### TASK GOAL
Repeat only the lines below that run from the line with "[2016 Upgrade!] ETUDE" to the line with "Download Love svg, Love", ends included; skip every picture.

BEGIN PROVIDED RECORDS

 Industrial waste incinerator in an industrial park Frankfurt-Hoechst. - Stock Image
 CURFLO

END PROVIDED RECORDS
BEGIN PROVIDED RECORDS

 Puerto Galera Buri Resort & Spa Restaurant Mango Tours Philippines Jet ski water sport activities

END PROVIDED RECORDS
BEGIN PROVIDED RECORDS

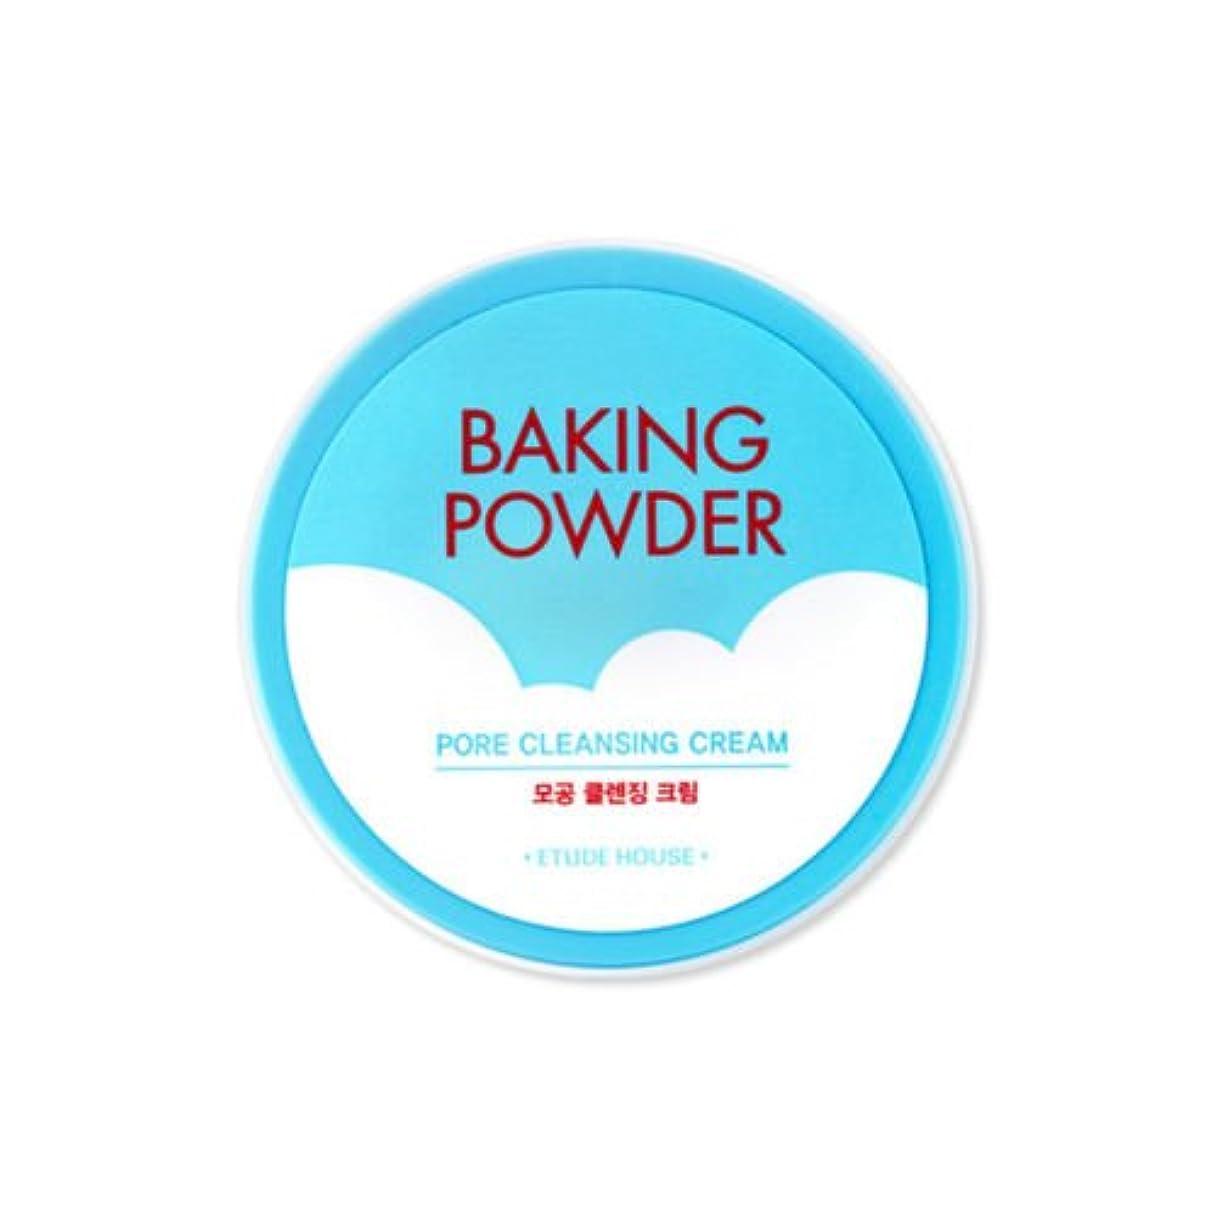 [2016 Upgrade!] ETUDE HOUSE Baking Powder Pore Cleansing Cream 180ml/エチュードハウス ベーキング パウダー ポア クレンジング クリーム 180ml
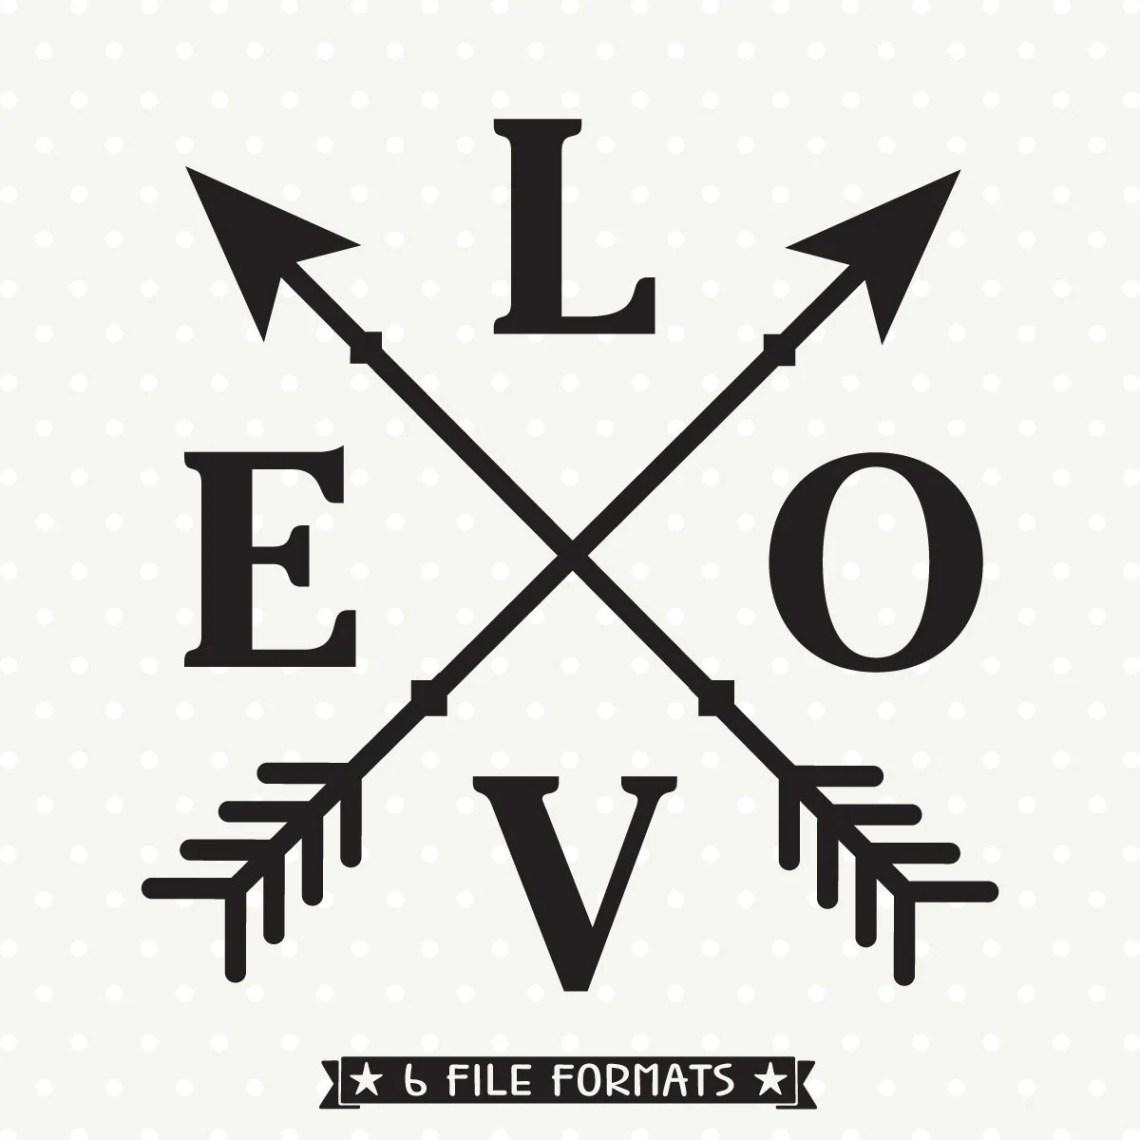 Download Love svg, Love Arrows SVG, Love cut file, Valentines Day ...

END PROVIDED RECORDS

### OUTPUT FOR THIS TASK
 [2016 Upgrade!] ETUDE HOUSE Baking Powder Pore Cleansing Cream 180ml/エチュードハウス ベーキング パウダー ポア クレンジング クリーム 180ml
 Download Love svg, Love Arrows SVG, Love cut file, Valentines Day ...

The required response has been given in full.